3. Con il terzo motivo, ci si duole della violazione degli stessi artt. 115 e 116 c.p.c. e dell’art. 3 D.L. 726/84, conv. in legge 863/84, dell’art. 49 DPR 29.9.1973 n. 602, dell’art. 59 c.p.c., dell’art. 409 c.p.c. e dell’art. 61 DPR 602/1973, nonché della violazione del c.c.n.l. Quadri Direttivi e Personale delle Aree professionali (dalla 1.a alla 3.a) dipendenti dalle aziende concessionarie del servizio di riscossione dei tributi del 12.12.2001, sul rilievo che la società non aveva contestato quanto affermato dal ricorrente con riguardo alla inesistenza dell’attività esecutiva di riscossione coattiva dal gennaio 2003, per essere stata prevalente, se non unica, quella di tentato recupero del credito e per essere tale attività estranea a quella dell’ufficiale di riscossione come disciplinata dall’art. 49 DPR 602/1973 e dell’art. 59, oltre che dalla contrattazione collettiva di settore (semplice richiesta di pagamento volontario non equiparabile all’ingiunzione ex art. 492 c.p.c. ed attività diversa da quella propriamente esecutiva ed inferiore alla seconda), con ciò concretandosi un grave inadempimento che determinava la conversione del rapporto a tempo indeterminato.
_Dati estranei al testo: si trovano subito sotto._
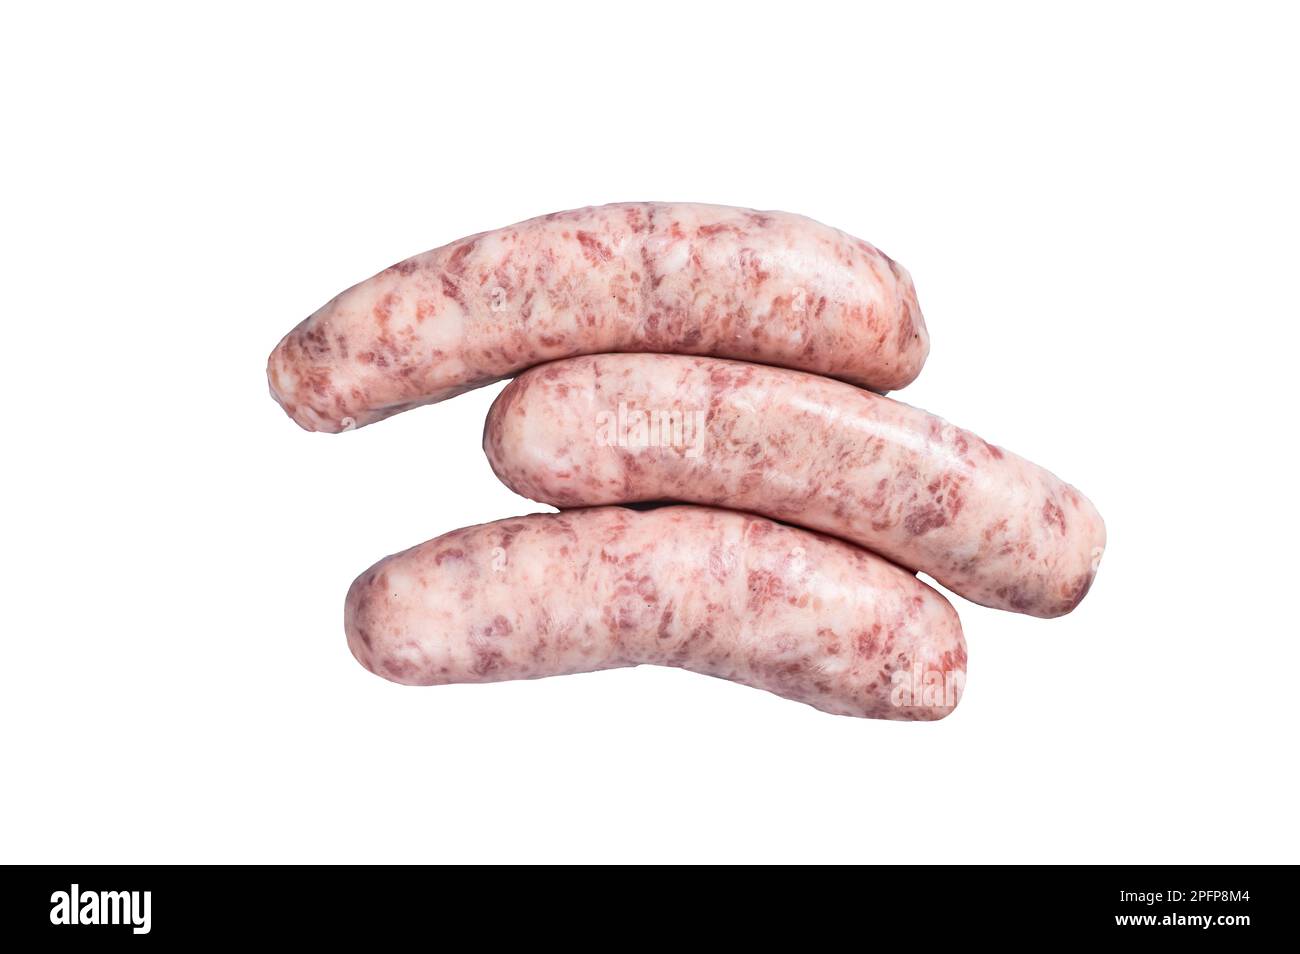 Raw Bratwurst sausages for BBQ with spices. Isolated on white background Stock Photo

4. La censura con la quale si adduce l’erroneità della decisione perché non sarebbe stato applicato correttamente il principio di non contestazione, che avrebbe dovuto indurre il giudice del gravame ad astenersi da ogni ulteriore controllo probatorio, deve essere disattesa e prima ancora ritenuta inammissibile, in forza del principio affermato da questa Corte, secondo cui, in tema di ricorso per cassazione, quando il motivo di impugnazione si fondi sul rilievo che la controparte avrebbe tenuto condotte processuali di non contestazione, per consentire alla Corte di legittimità di prendere cognizione delle doglianze ad essa sottoposte, il ricorso, ai sensi dell’art. 366, comma 1, n. 6, c.p.c., deve sia indicare la sede processuale di adduzione delle tesi ribadite o lamentate come disattese, sia contenere la trascrizione dei relativi passaggi argomentativi (cfr. Cass. 9.8.2016 n. 16655, Cass. 15.7.2015 n. 14784). Peraltro, la censura involge in parte valutazioni di merito (pur contenendo una denuncia di violazione degli artt. 115 e 116 c.p.c.) e, sotto altro profilo, contravviene all’insegnamento di questa Corte secondo cui la non contestazione del fatto ad opera della parte che ne abbia l’onere è irreversibile, ma non impedisce al giudice di acquisire comunque la prova del fatto non contestato, sicchè solo in tale ultima ipotesi resta superata la questione sulla pregressa non contestazione di quei fatti che, se ravvisata, avrebbe comportato l’esclusione di essi dal “thema probandum” (cfr. Cass. 13.3.2012 n. 3951).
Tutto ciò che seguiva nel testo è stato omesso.